The new reference material IRMM-AD482 will facilitate the implementation by control laboratories of a test that detects the absence or presence of ruminant PAPs in feed material obtained from non-ruminants. This will allow feeding again farmed fish and other aquaculture animals with non-ruminant PAPs. The re-authorisation will improve the overall sustainability of the aquaculture sector, since these PAPs could be a valuable substitute for fishmeal, which is a scarce resource.

Animal by-products are derived from parts of slaughtered animals that are in principle fit for human consumption but are not used for production of food (e.g. udder, ovary, bones). If properly sterilised, these products, called processed animal proteins (PAP), are a valuable protein source in animal nutrition. However, if materials not fit for human consumption such as diseased animals are processed, especially without the appropriate sterilisation treatment; animal by-products may endanger the animal feed with these materials as well as the health of consumers. Improperly heated animal by-products fed to cattle were identified as the root-cause for mad cow disease. Therefore, in 2001 all animal by-products were banned as feed ingredients to eradicate the mad cow (bovine spongiform encephalopathy, BSE) disease.    

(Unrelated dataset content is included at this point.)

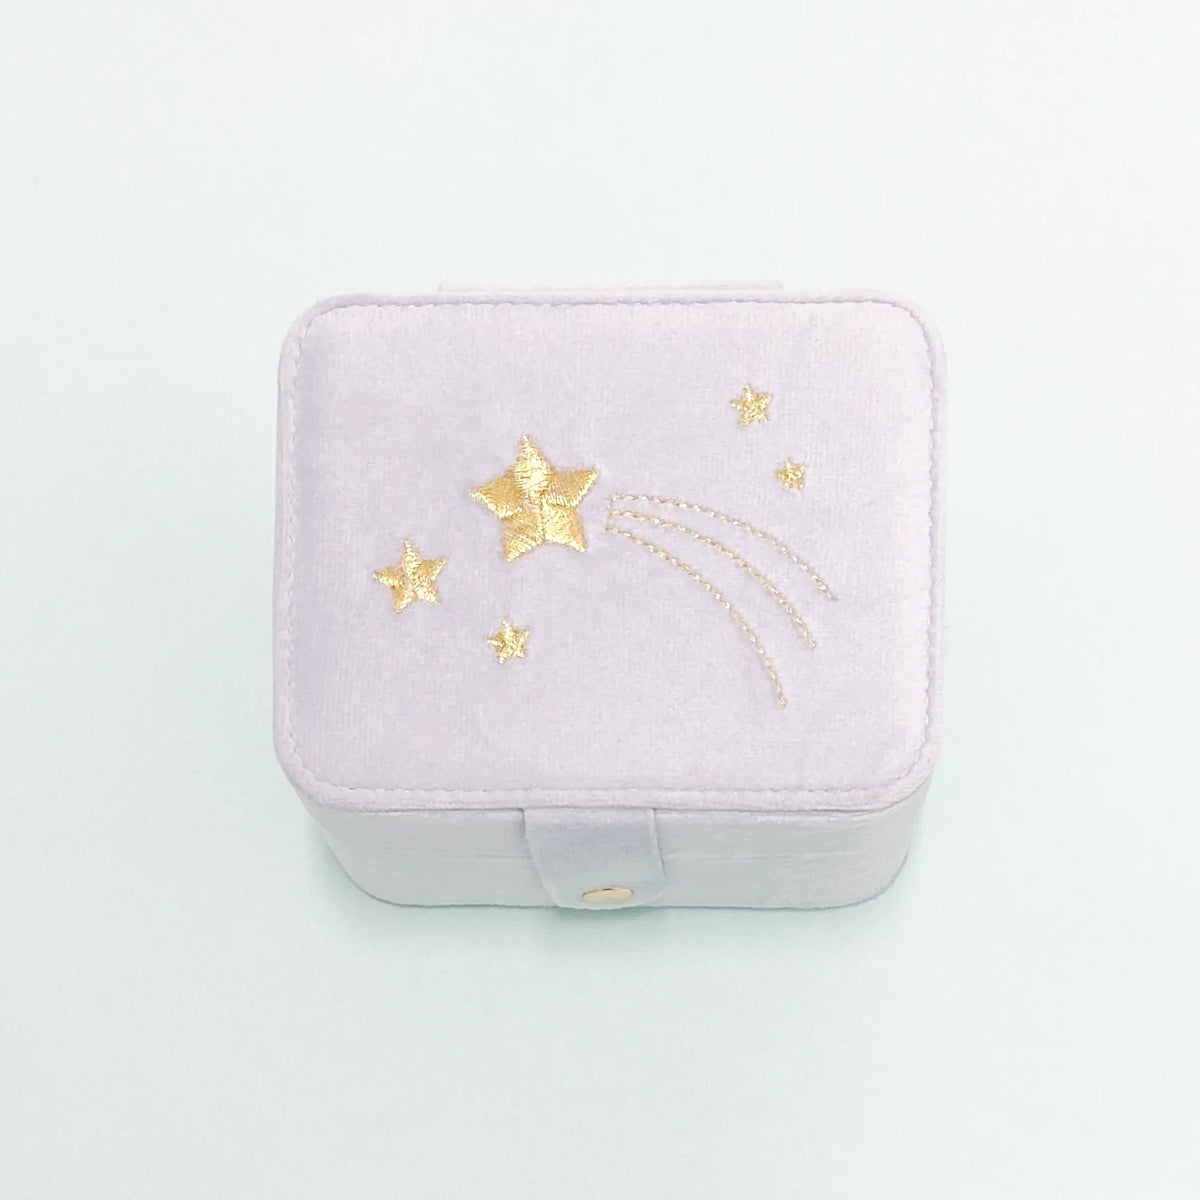 Stardust Jewelry Box Cover

The European Commission's Strategy paper on Transmissible Spongiform Encephalopathies for 2010-2015 (TSE Road map 2) emphasised that a partial lifting of the PAP ban to allow their re-introduction for certain animals should be primarily driven by scientific evidence. In 2009, the JRC’s Institute for Reference Materials and Measurements contributed to the TSE Road map by developing a specific marker for PAPs obtained from diseased animals or from specified risk materials (such as bovine brain and spinal cord) that must not enter the feed-food chain (instead, such material has to be disposed of). Having this tool, it was then possible to re-authorise PAPs derived from healthy non-ruminant farmed animals (i.e. mainly pigs and poultry) to be used in fish feed as of June 2013.

Moreover, in collaboration with the European Union Reference Laboratory for animal proteins in feeding stuffs (EURL-AP), which is hosted by the Walloon Agricultural Research Centre (CRA-W), the JRC contributed to the validation of new diagnostic spectroscopic and DNA-based methods for identifying PAPs coming from different animal species. The new Regulation includes these validated methods, which are based on the polymerase chain reaction (PCR) for the detection of animal constituents in feed. The PCR methods have been designed to target DNA fragments of ruminant origin (e.g. beef-cattle, sheep, and goats), which can be detected even in heavily processed feed samples. 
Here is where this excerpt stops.